Held: Yes. An employer-employee relationship was created when the private respondents started to merely renew
the contracts repeatedly 15 times for 4 consecutive years.

Petitioner was a regular employee under contemplation of law. The practice of having fixed-term contracts in the
industry does not automatically make all talent contracts valid and compliant with labor law. The assertion that a
talent contract exists does not necessarily prevent a regular employment status.

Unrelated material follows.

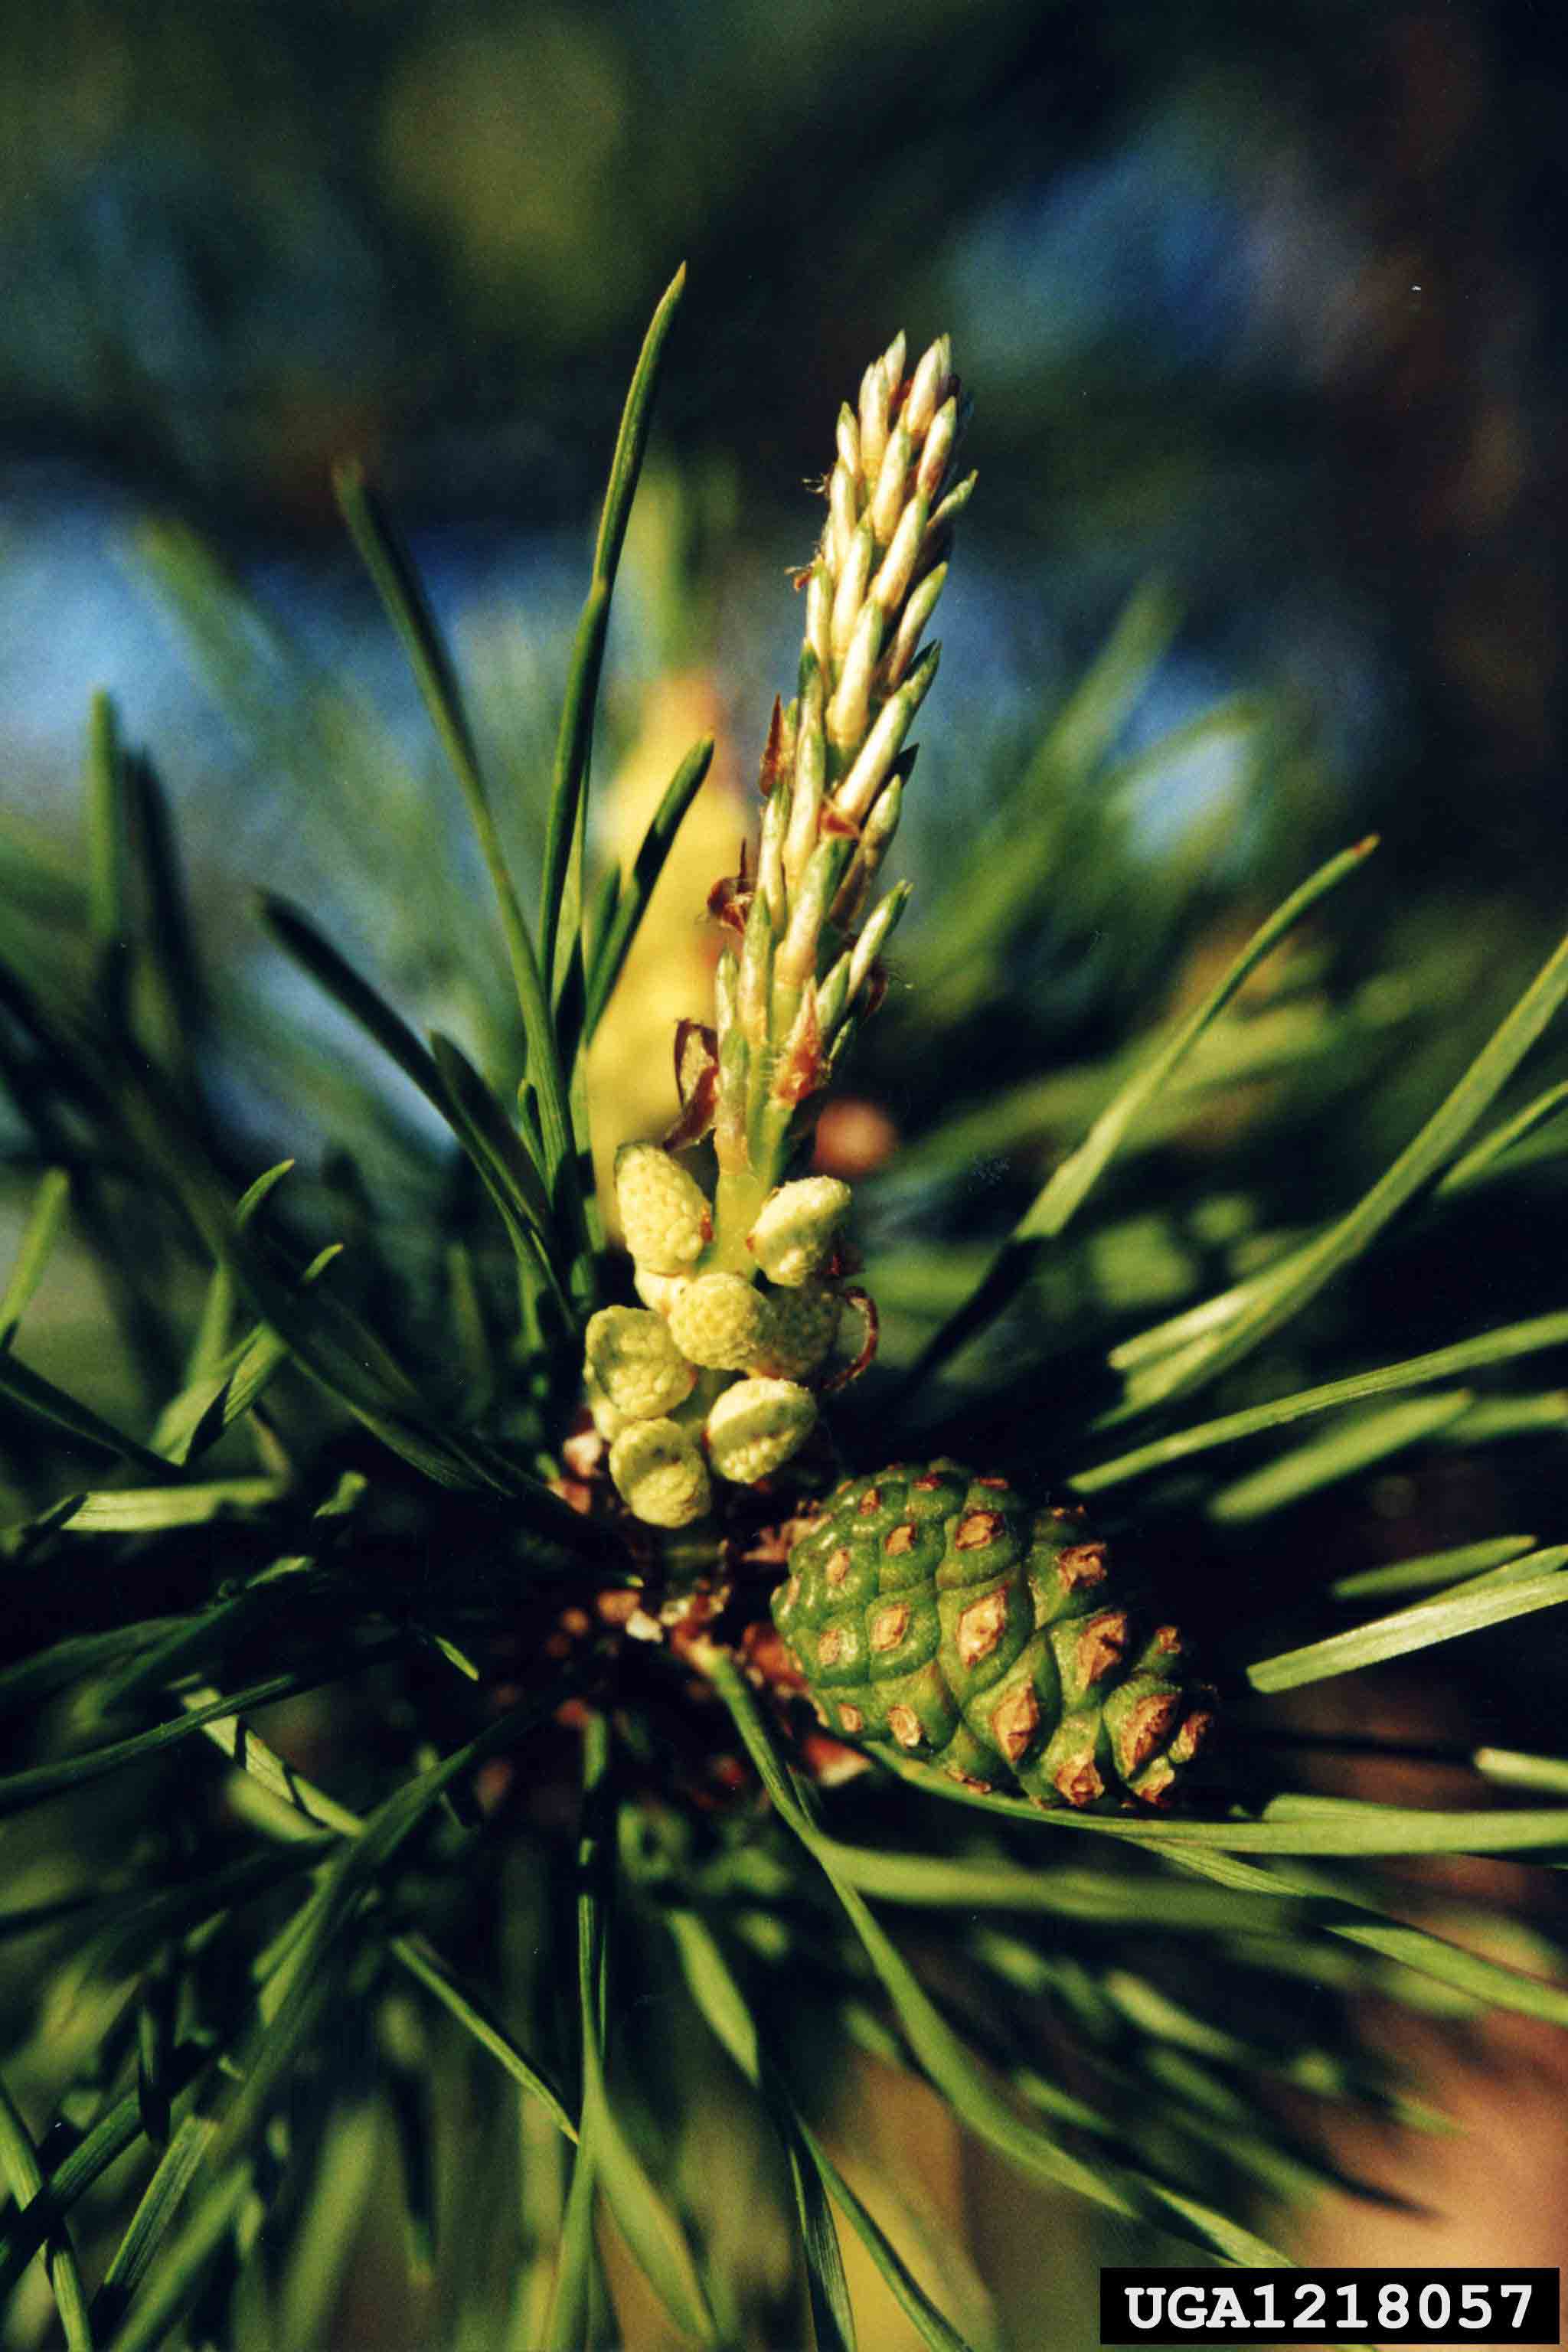 Scotch pine cones and foliage

The elements to determine the existence of an employment relationship are: a.) The selection and engagement of
the employee; b.) The payment of wages; c.) The power of dismissal; and d.) The employer’s control of the
employee’s conduct, not only as to the result of the work to be done, but also as to the means and methods to
accomplish it.

The duties of petitioner as enumerated in her employment contract indicate that ABC had control over the work
or petitioner. Aside from control, ABC also dictated the work assignments and payment of petitioner’s wages.
ABC also had power to dismiss her. All these being present, clearly there existed an employment relationship
between petitioner and ABC.

Concerning regular employment, the law provides for 2 kinds of employees, namely: 1.) Those who are engaged
to perform activities which are usually necessary or desirable in the usual business or trade of the employer; and
2.) Those who have rendered at least one year of service, whether continuous or broken with respect to the activity
in which they are employed. In other words, regular status arises from either the nature of work of the employee
or the duration of his employment.

The primary standard of determining regular employment is the reasonable connection between the particular
activity performed by the employee vis-a-vis the usual trade or business of the employer. This connection can be
determined by considering the nature of the work performed and its relation to the scheme of the particular
business or trade in its entirety. If the employee has been performing the job for at least a year, even if the
performance is not continuous and merely intermittent, the law deems repeated and continuing need for its
performance as sufficient evidence of the necessity if not indispensability of that activity to the business.